Supplied material:
##############################
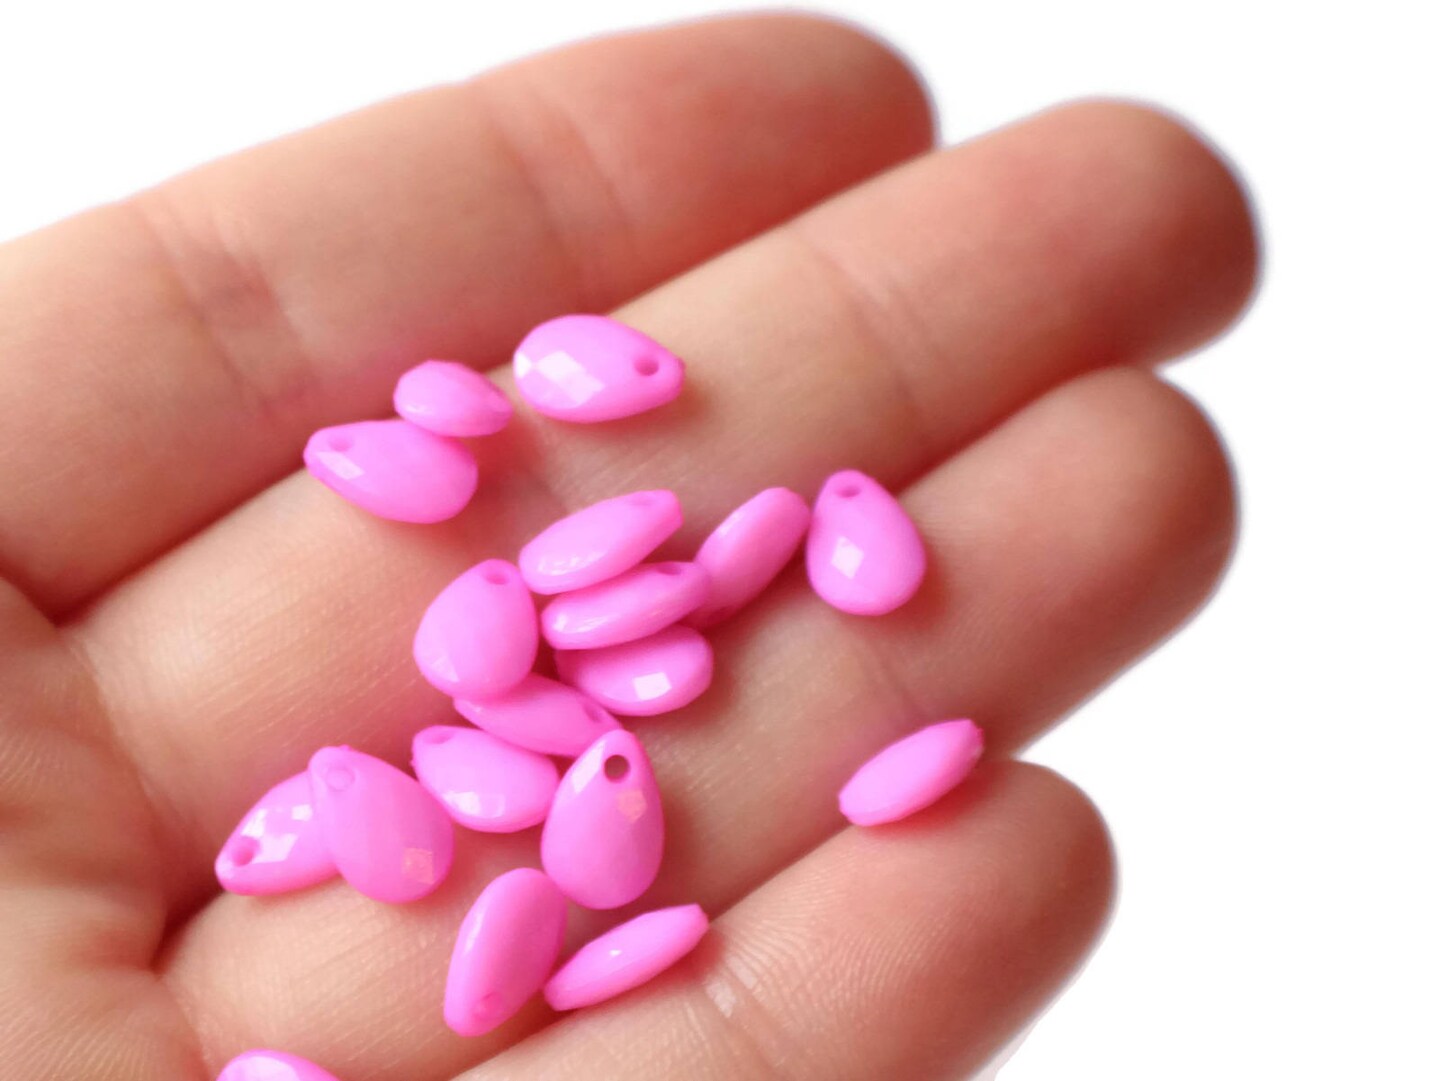 100 9mm Bubblegum Pink Briolette Beads Faceted Teardrops Plastic Beads to String Drop Charms
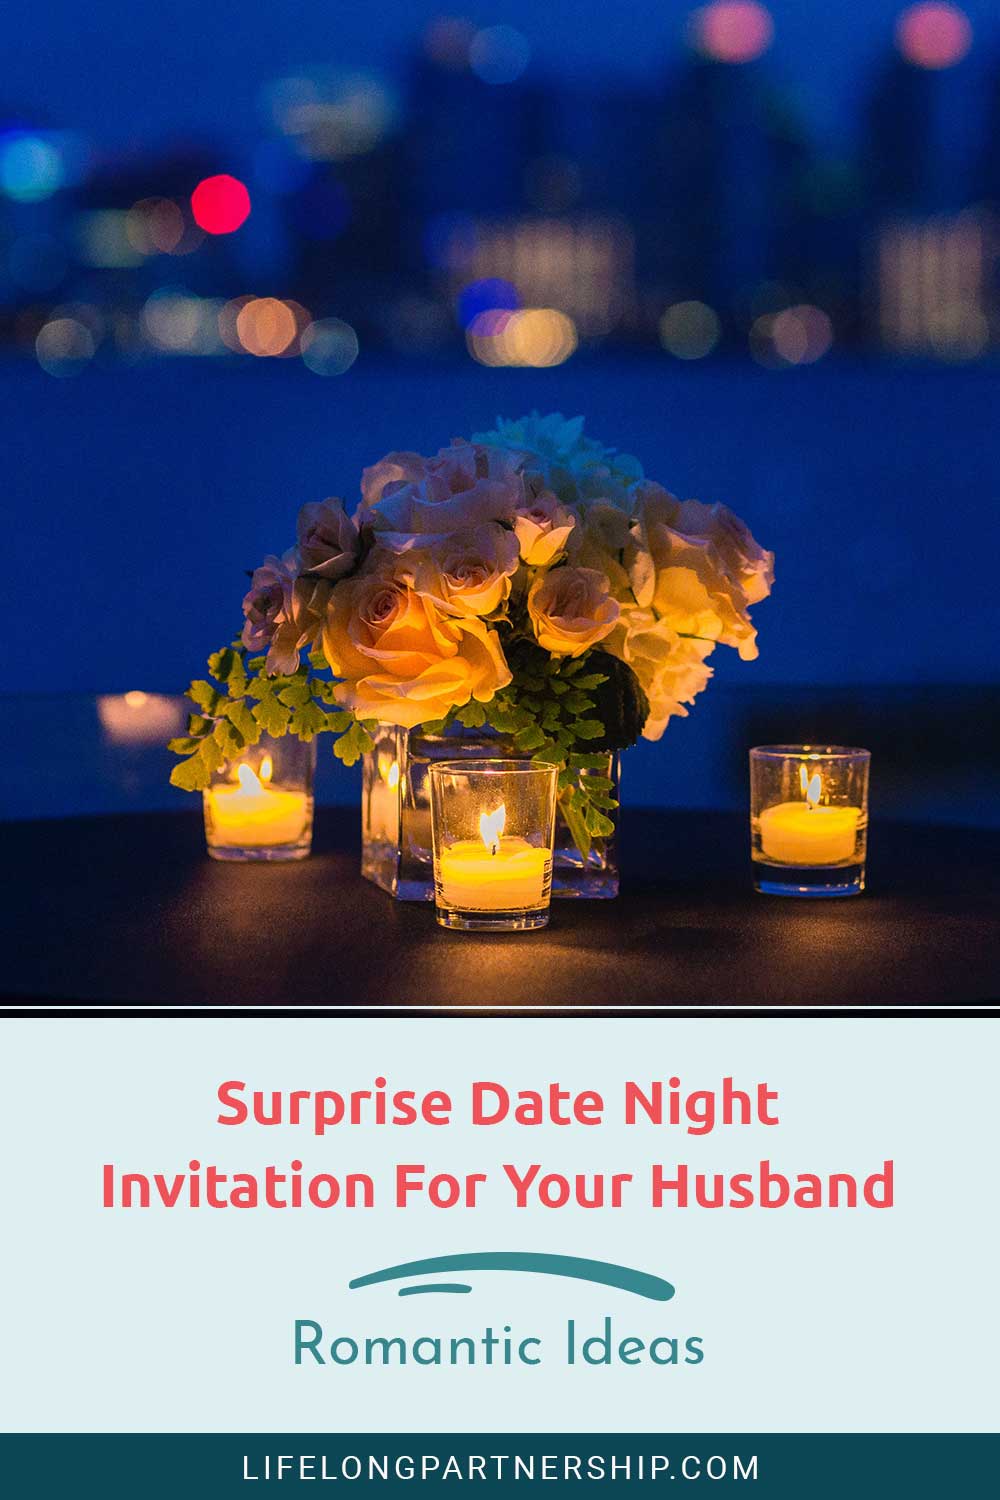 Bouquet of flower and candles on a table in the evening - Surprise Date Night Invitation For Your Husband
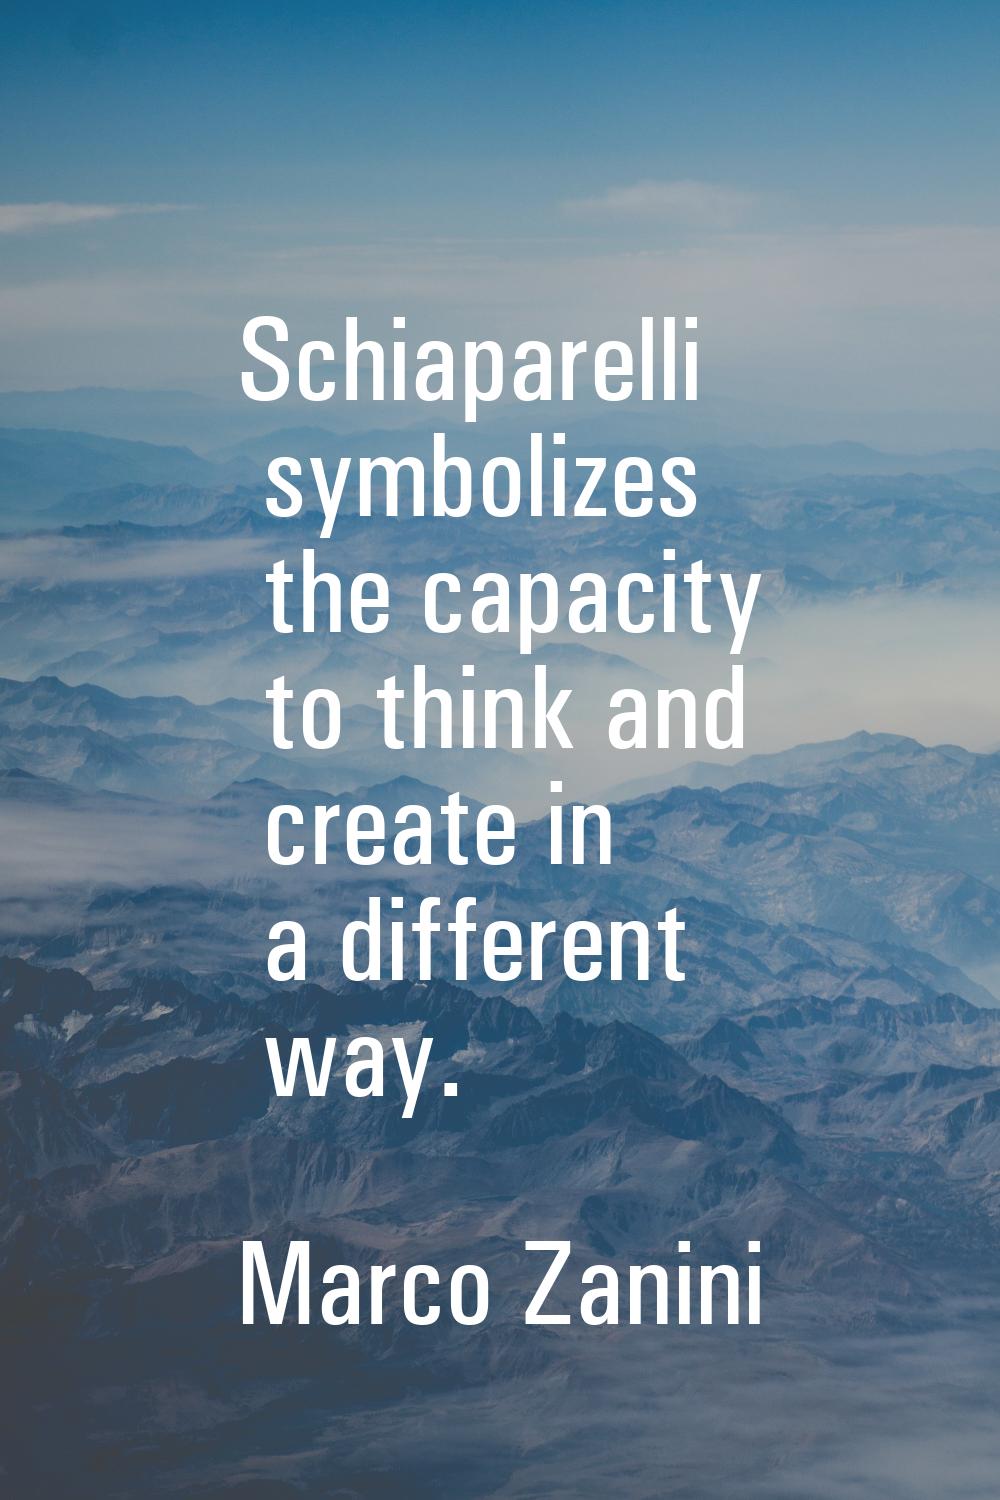 Schiaparelli symbolizes the capacity to think and create in a different way.
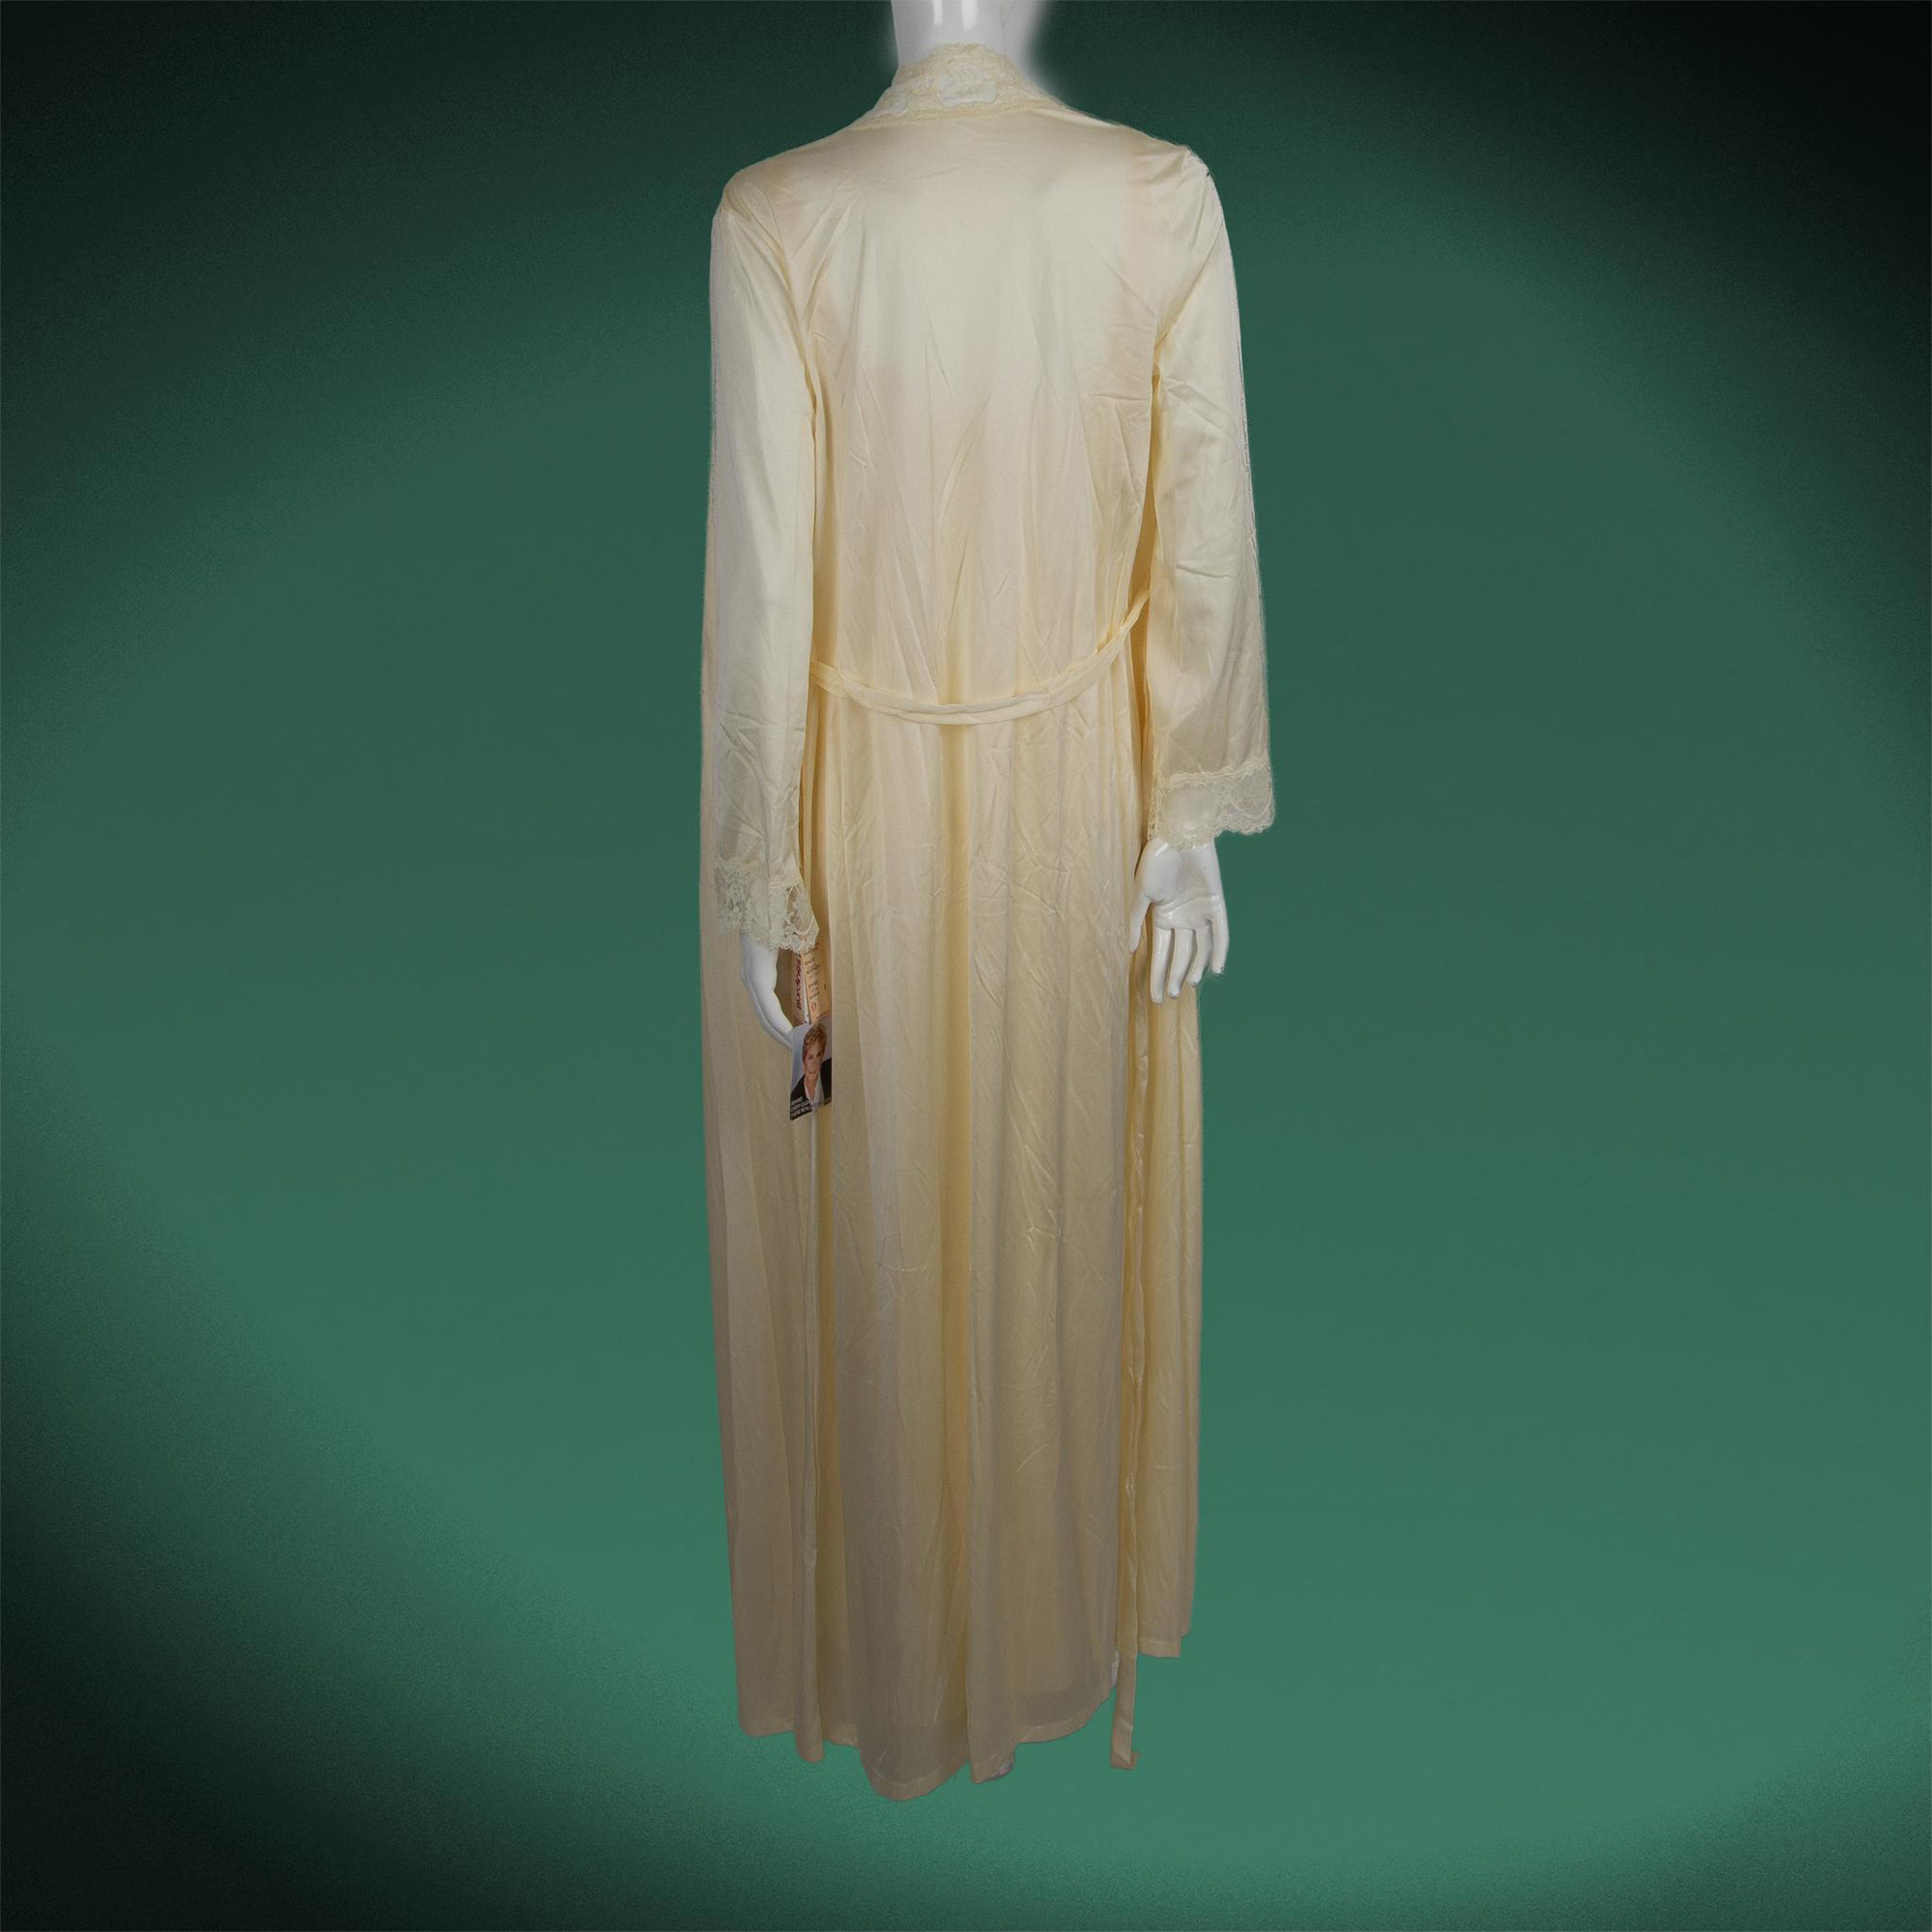 Vintage Olga Buttercup Robe and Gown, Size Small - Image 4 of 6
##############################
Required action: Write all the lines above out again exactly, minus the images.

Result for this exercise:
 100 9mm Bubblegum Pink Briolette Beads Faceted Teardrops Plastic Beads to String Drop Charms
 Bouquet of flower and candles on a table in the evening - Surprise Date Night Invitation For Your Husband
 Schiaparelli symbolizes the capacity to think and create in a different way.
 Vintage Olga Buttercup Robe and Gown, Size Small - Image 4 of 6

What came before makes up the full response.